• Instructions to follow: Write out exactly the lines below that run from the one containing "taco spaghetti on fork." through the one containing "iwaki(イワキ) 耐熱ガラス 保存容器", both included, with no other lines.

• Source material:
──────────────────────────────
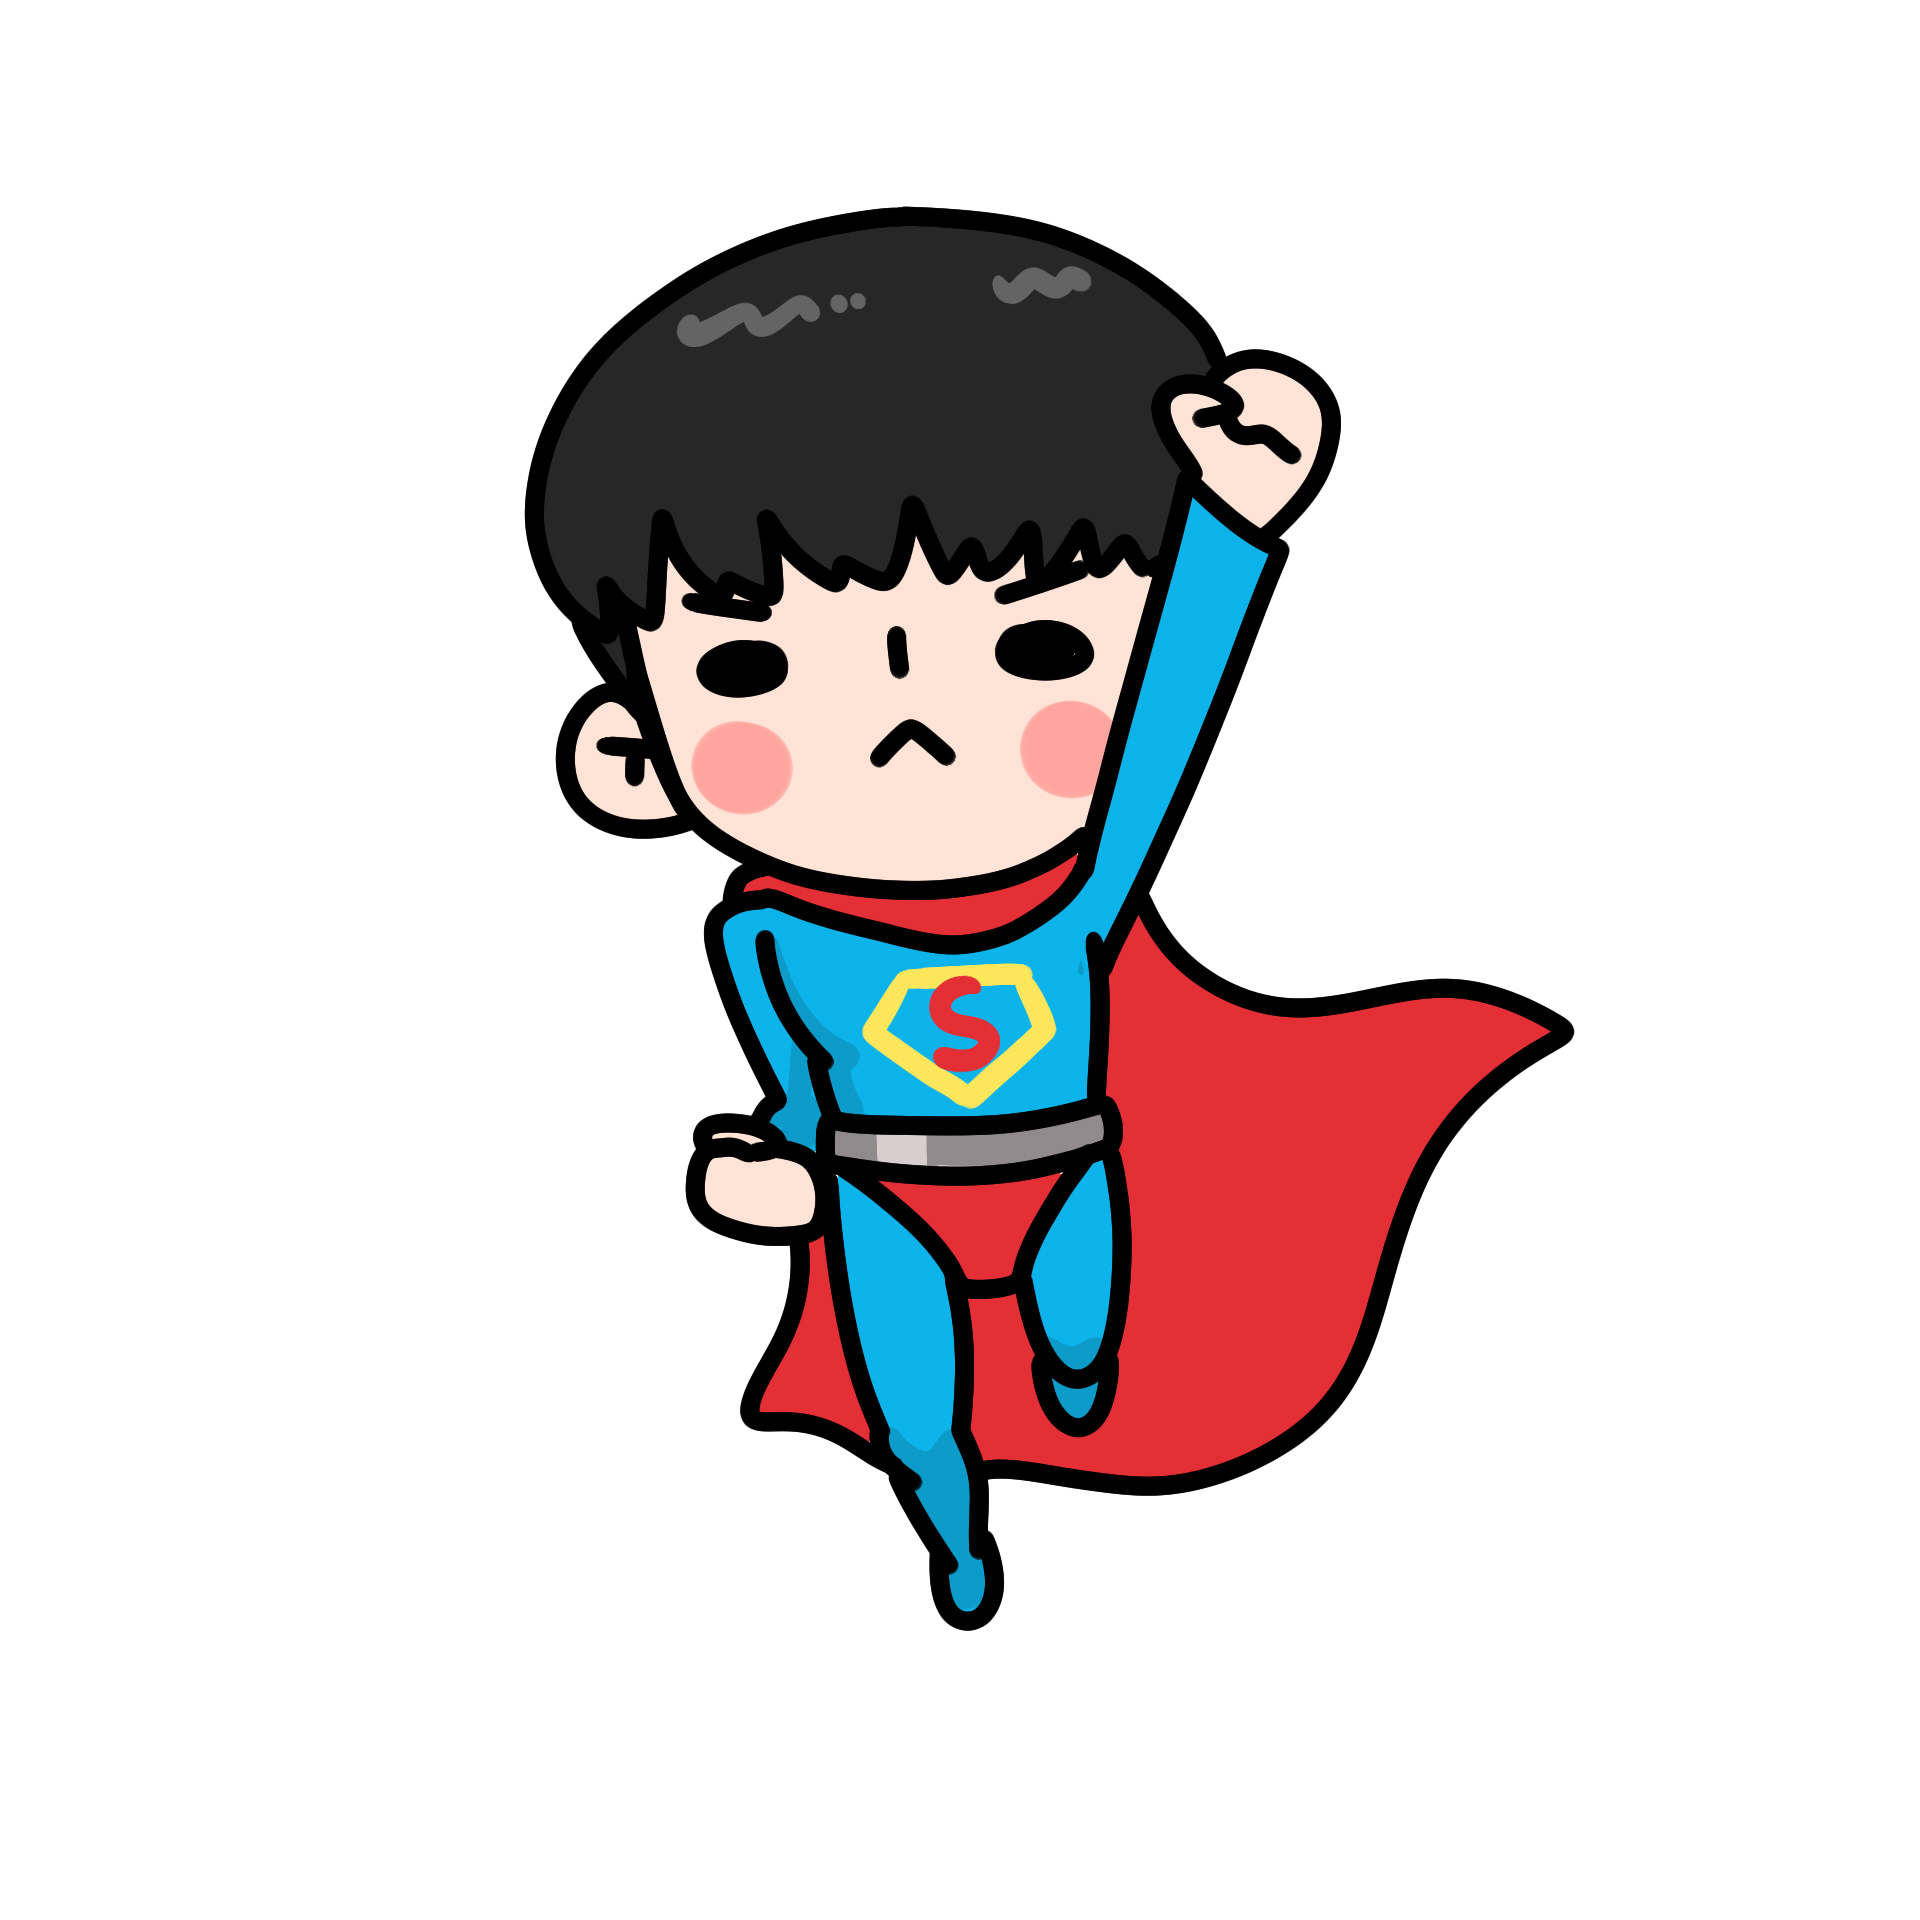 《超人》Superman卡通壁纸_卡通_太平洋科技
──────────────────────────────
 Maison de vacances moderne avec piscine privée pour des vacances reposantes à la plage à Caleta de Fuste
──────────────────────────────
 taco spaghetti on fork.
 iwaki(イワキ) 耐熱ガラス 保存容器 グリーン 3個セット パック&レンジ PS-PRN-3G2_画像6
──────────────────────────────
• Exercise answer:
 taco spaghetti on fork.
 iwaki(イワキ) 耐熱ガラス 保存容器 グリーン 3個セット パック&レンジ PS-PRN-3G2_画像6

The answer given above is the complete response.